Sonoma County to explore ballot measure to bolster mental health and homeless services
Sonoma County officials have begun exploring the possibility of crafting a ballot measure that would generate tax revenue for mental health and homeless services.
The move comes at a time when the county’s homeless population is again on the rise and as health services officials grapple with significant financial strains that federal and state funds can’t resolve.
“We know there is significant need and that need continues to outpace the funding available,” said Barbie Robinson, the county’s director of health services. “Our goal is to educate the community on what the need is and how to address that need. Part of the strategy is bringing in more revenue.”
The county’s Health Services Department is among the largest local government agencies, with an annual budget of $232 million. The division overseeing mental health and drug abuse treatment accounts for about 40 percent of the spending. Most of the division is funded through Medi-Cal, the state agency that oversees health benefits for low-income and disabled Californians.
Under Robinson’s tenure, which began in February 2017, budget shortfalls have been identified in the behavioral health division, stemming from what Robinson has said were years of inaccurate projections of the funding derived from Medi-Cal.
The longtime behavioral health director, Michael Kennedy, departed last year amid public reports of the budget woes and county wrangling over a set of resulting layoffs and program cuts. Those reductions were mostly avoided as the Board of Supervisors this summer tapped nearly $17 million in one-time funding to backfill the budget hole over a two-year period.
At that time, the board also directed Robinson and officials at the county’s Community Development Commission to explore a possible ballot initiative that could stabilize funding in future years.
On Dec. 21, county officials published a request for proposals seeking a consultant to look at the feasibility of a ballot measure.
Robinson said she hopes to have a report ready by spring or summer on whether local voters would support a ballot measure for funding mental health and homeless services.
Supervisor Shirlee Zane, speaking from North Carolina, where she’s visiting family, said she is well aware of the possibility that a number of county residents have grown wary of ballot initiatives seeking new revenue, including tax and bond measures. Since the early 1990s, voters have passed countywide sales tax increases to support open space and farmland preservation, the SMART rail system, the library system and, most recently, park development and maintenance.

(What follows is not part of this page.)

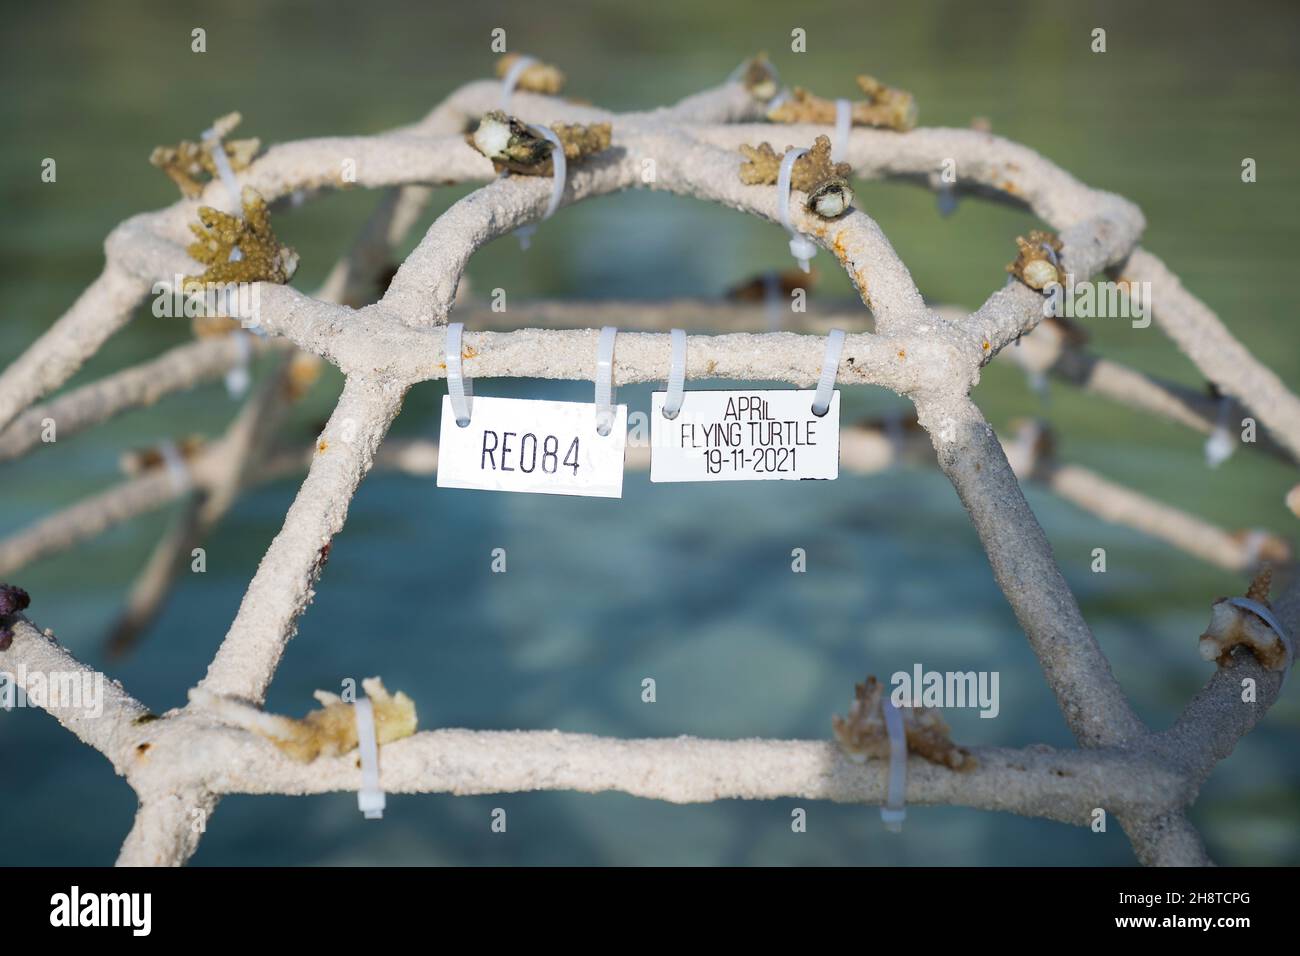 Ein Korallenrahmen, der die Wiederherstellung von Korallenriffen unterstützen soll, wird im Meer platziert, um die Reise von April, einer Olive ridley Meeresschildkröte, zu ihrem neuen Zuhause in Großbritannien, im Four Seasons Resort in Kuda Huraa, Malediven, zu feiern. Bilddatum: 18. November 2021. Siehe PA Geschichte UMWELT Turtle Maldives. April, die in ihr neues Zuhause am Sea Life Loch Lomond verlegt wurde, wurde auf der Meeresoberfläche im Raa Atoll auf den Malediven schwebend in einem ausrangierten Fischernetz mit fehlendem rechten vorderen Flipper und einem Plastikbeutel um den Hals gefunden. Sie kann aufgrund von Problemen mit dem Auftrieb nicht tauchen und kehrt zum Th zurück Stockfoto

But Zane said early investments in mental health and drug abuse treatment can curb the far greater expense of treating afflicted individuals when they are sicker and wind up in jail or local hospitals.
She said 70 percent of people in jail have some sort of mental health issue.
“Right now, people who are mentally ill, if they don’t have sufficient care, end up homeless or end up in jail or in the hospital emergency rooms,” she said.
A ballot measure would potentially improve behavioral health and homeless services programs, treatment and facilities. The objectives, according to the county’s solicitation include: collaboration and partnership with stakeholders; public opinion polling and polling analysis; community outreach and education; feasibility analyses of ballot measure options and a spending plan.